Even gun shop owners didn't know about this because it is flying under the radar.

To find out about this - go to any government website and type in HR 45 or Google HR 45 Blair Holt Firearm Licensing & Record of Sales Act of 2009. You will get all the information.

Basically this would make it illegal to own a firearm - any rifle with a clip or ANY pistol unless:
•It is registered
•You are fingerprinted
•You supply a current Driver's License
•You supply your Social Security #
•You submit to a physical & mental evaluation at any time of their choosing
•Each update - change or ownership through private or public sale must be reported and costs $25 - Failure to do so you automatically lose the right to own a firearm and are subject up to a year in jail.
•There is a child provision clause on page 16 section 305 stating a child-access provision. Gun must be locked and inaccessible to any child under 18. 
They would have the right to come and inspect that you are storing your gun safely away from accessibility to children and fine is punishable for up to 5 yrs. in prison.

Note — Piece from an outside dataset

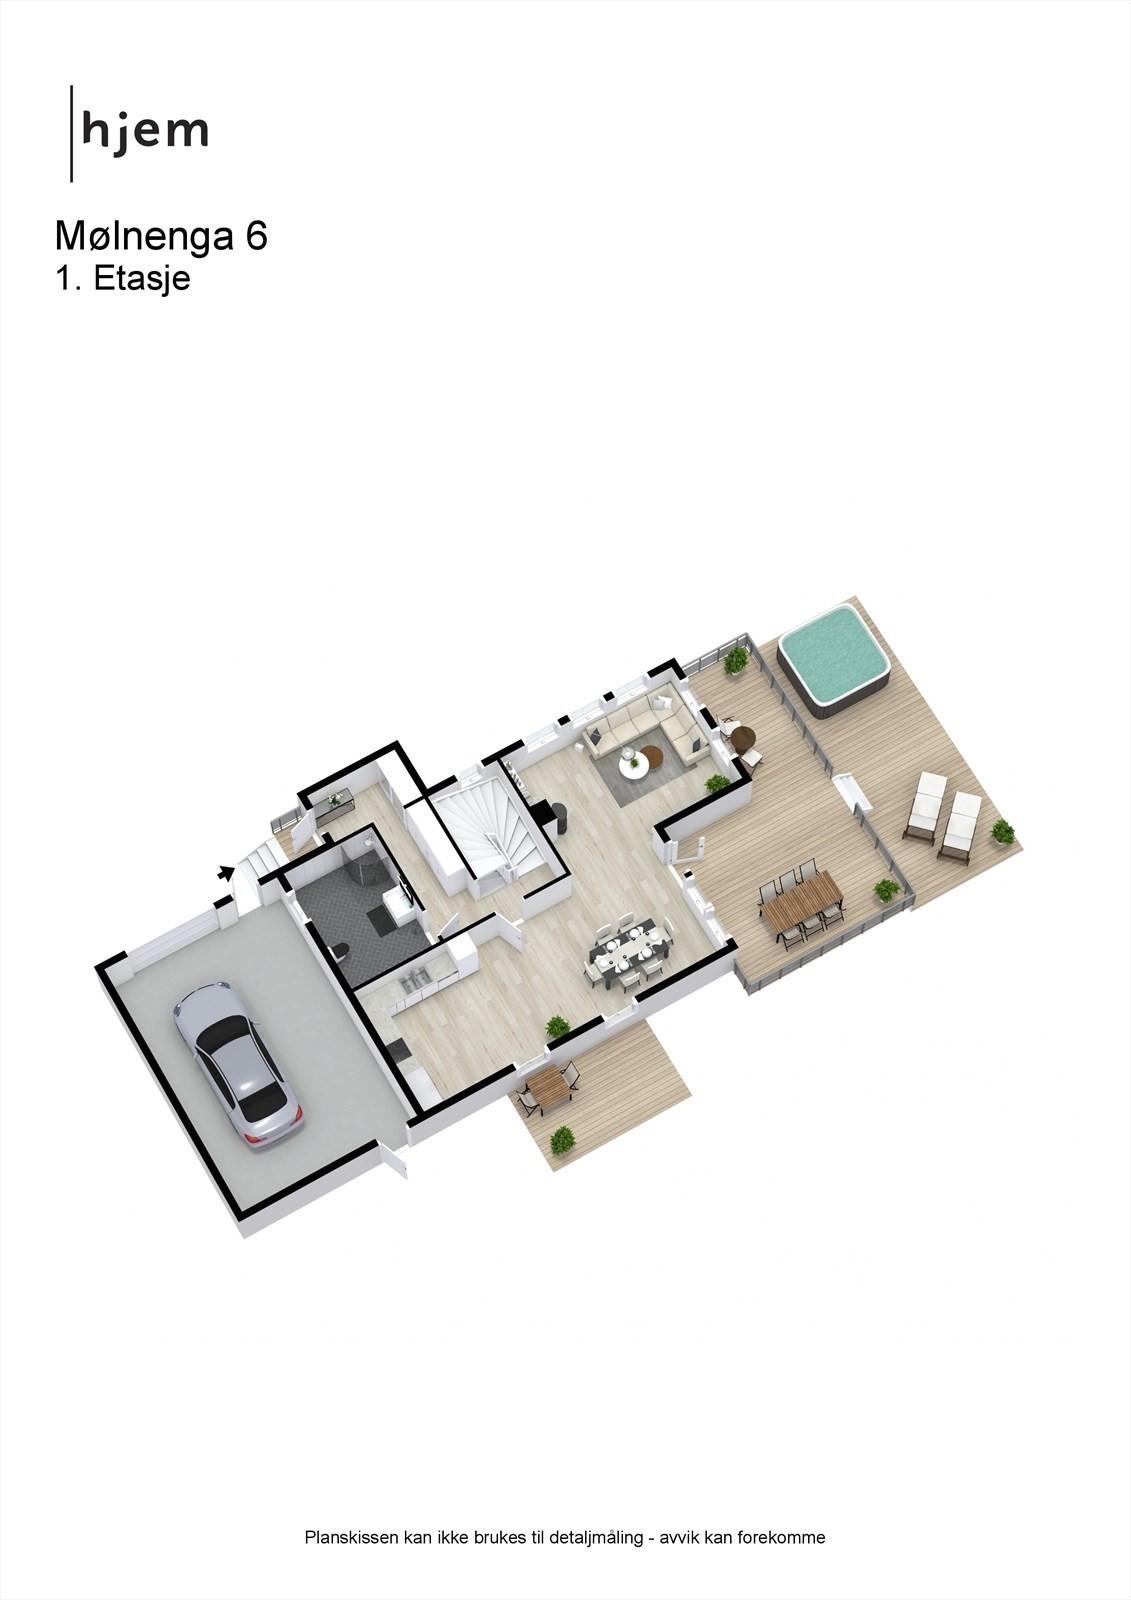 Mølnenga 6 - 3D - 1. Etasje - Letterhead.jpg

If you think this is a joke - go to the website and take your pick of many options to read this. It is long and lengthy. But, more and more people are becoming aware of this. Pass the word along. Any hunters in your family - pass this along.

Peter Boyles is on this and having guests. Listen to him on KHOW 630 a.m. in the morning. He suggests the best way to fight this is to tell all your friends about it and "spring into action". Also he suggests we all join a pro-gun group like the Colorado Rifle Association, hunting associations, gun clubs and especially the NRA.

This is just a "termite" approach to complete confiscation of guns and disarming of our society to the point we have no defense - chip away a little here and there until the goal is accomplished before anyone realizes it.
This is one to act on whether you own a gun or not.


----------



## jobow81 (Feb 28, 2008)

*gun rights*



lforce said:


> aka- hr 45
> 
> i am not well educated on the process in which this introduced act would have to go through to be passed, but i would like to encourage all of my fellow gun owners, hunters, and recreational lovers of firearms, to make themselves aware of this act and its implications.
> I am sure that it is the first of many acts to come in the next 3 years and 10 months, that are attempts to diminish our gun rights in the united states. As i said, i am probably not as well educated on this subject as i will be in the future, but it seems from reading my national rifleman mag that this might be one of the first acts in the current administrations "10 step plan to abolish american gun rights". Any more info on this act or any alike would be greatly appreciated!!!!
> ...


i tried to e-mail glenn beck and sean hannity at foxnews.com about this to get the message out there via national news, but i was unable due to my computer defiency skills. Seems the news of the day is the economy and everything else is flying under the radar. If anyone can e-mail these news anchors because they are big gun advocates. Also please pray for our country, because we are facing very uncertain times.


----------



## MarkinMichigan (Feb 9, 2009)

I believe this bill has been introduced every year for the last few and it never makes it out of committee, and has no co-sponsers. 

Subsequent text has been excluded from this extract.